- _Given information_
---*---

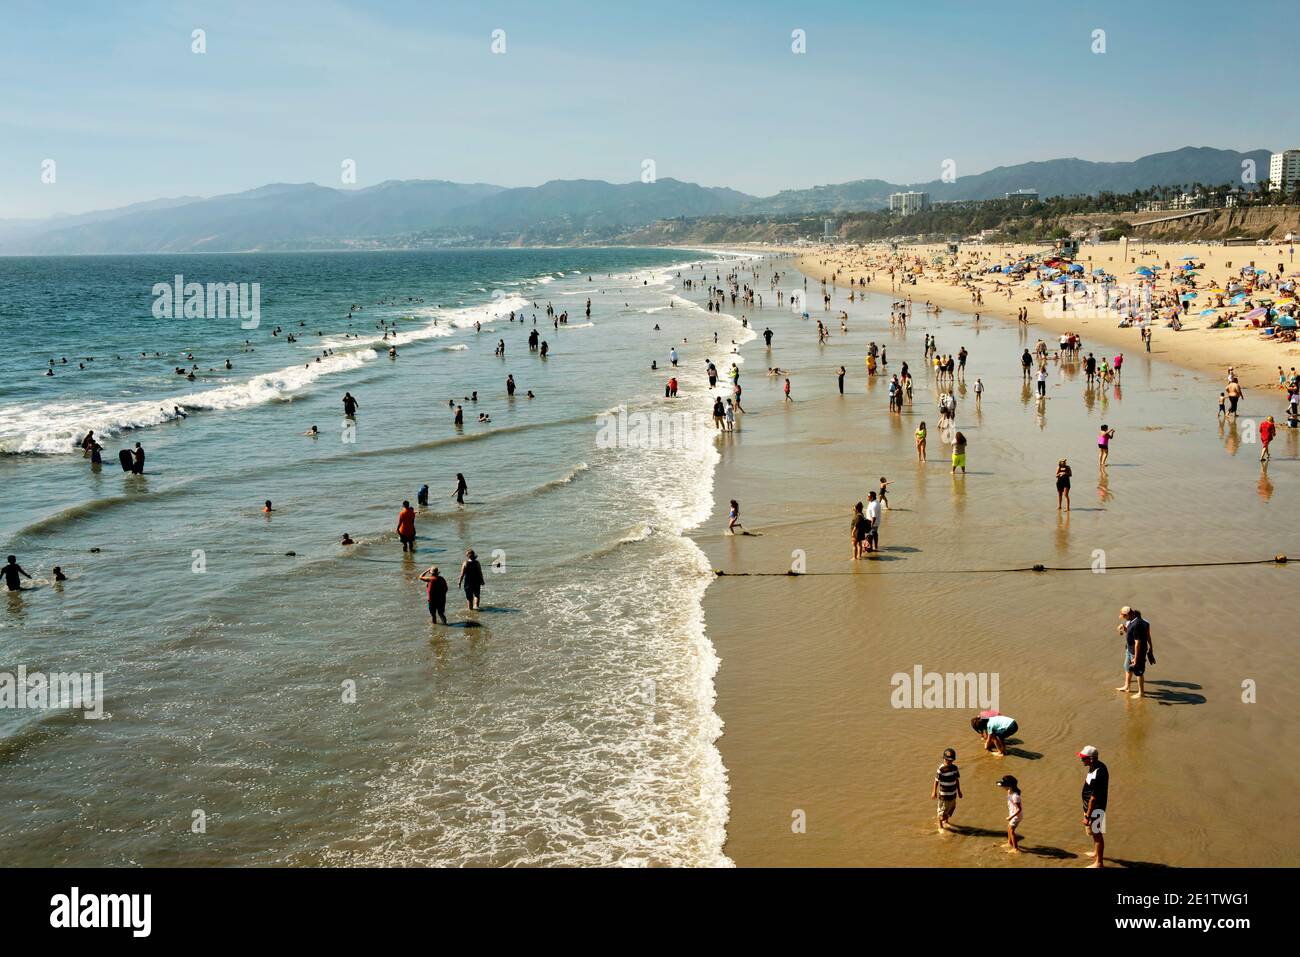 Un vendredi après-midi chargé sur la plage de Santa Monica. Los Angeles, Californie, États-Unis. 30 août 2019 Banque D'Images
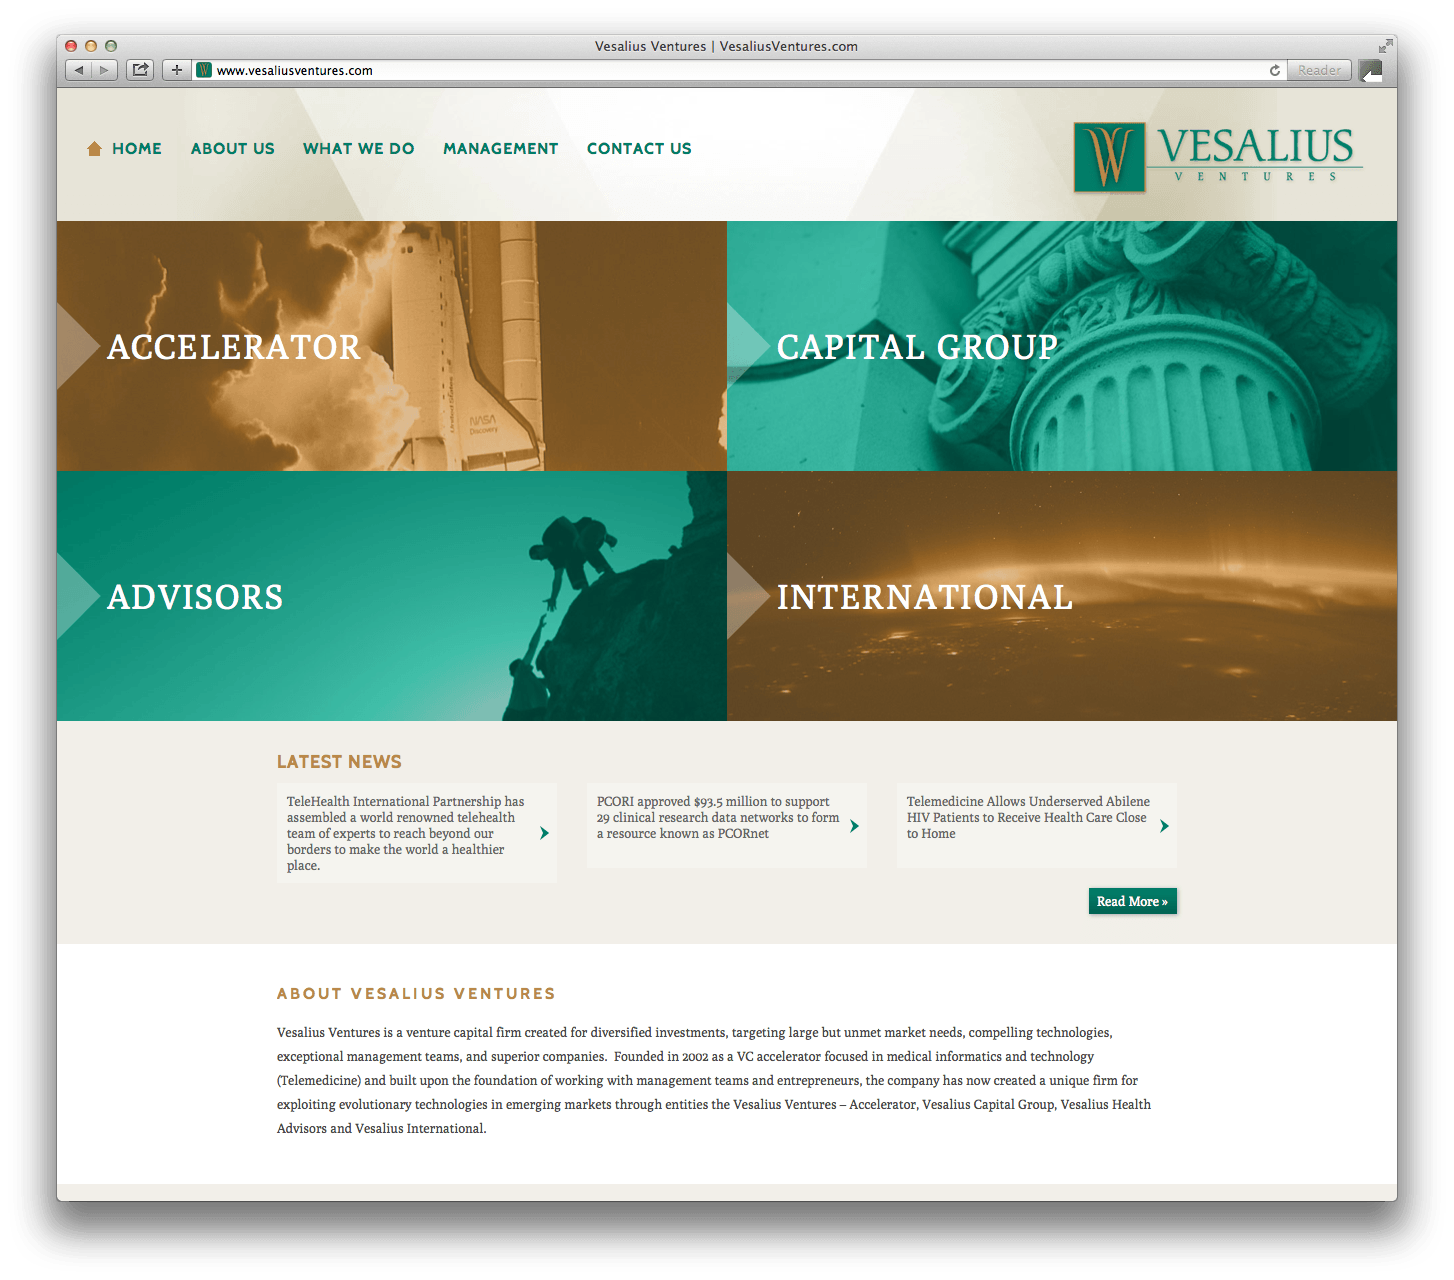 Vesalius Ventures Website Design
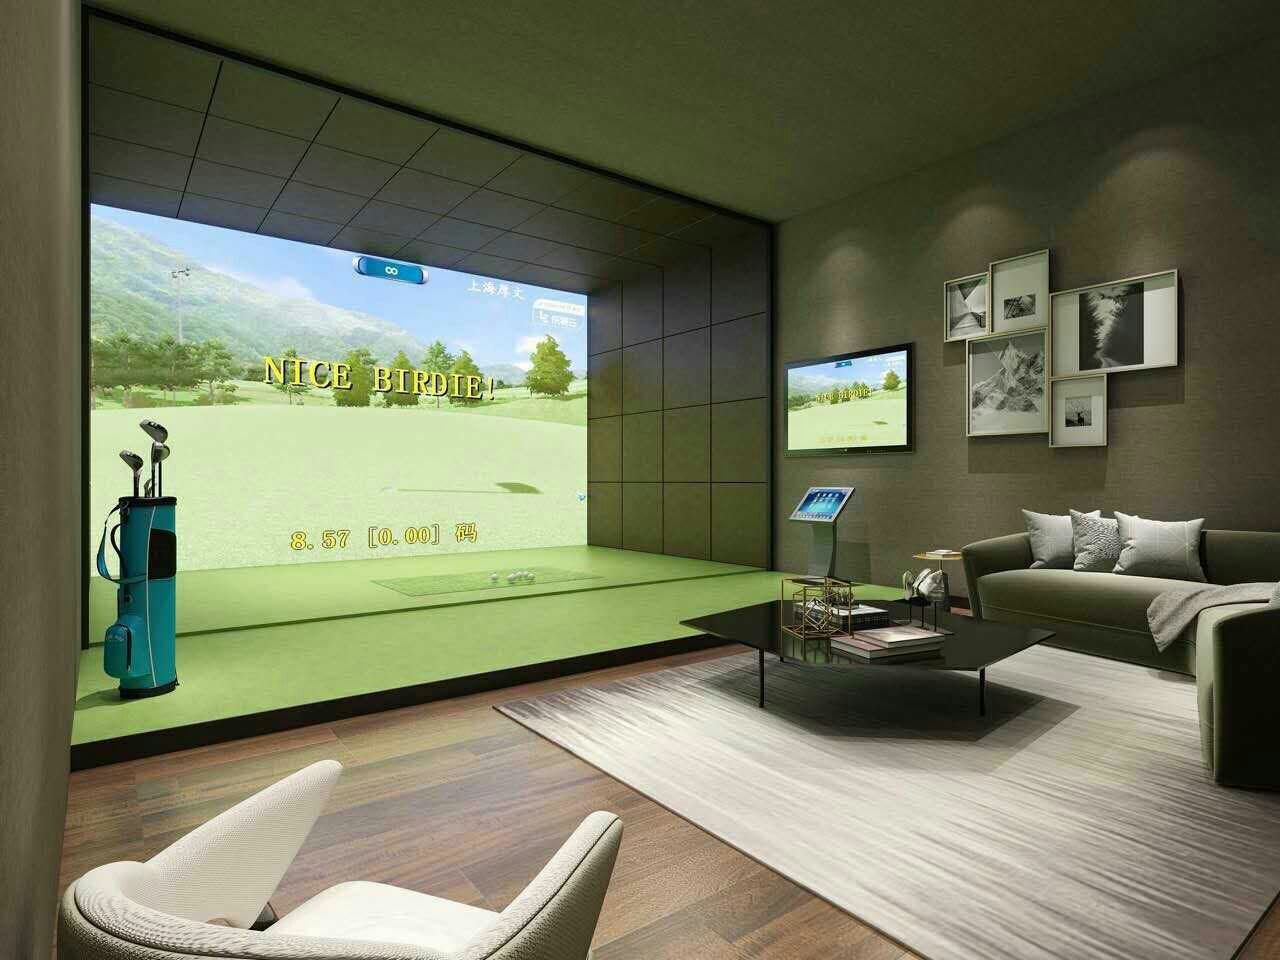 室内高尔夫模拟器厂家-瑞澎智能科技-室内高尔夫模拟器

---*---

- _Exercise description_
Print the stretch of the data from the line with "Vesalius Ventures Website Design" through its last line, exactly and with both ends kept. Omit pictures.

- _Written answer_
 Vesalius Ventures Website Design
 室内高尔夫模拟器厂家-瑞澎智能科技-室内高尔夫模拟器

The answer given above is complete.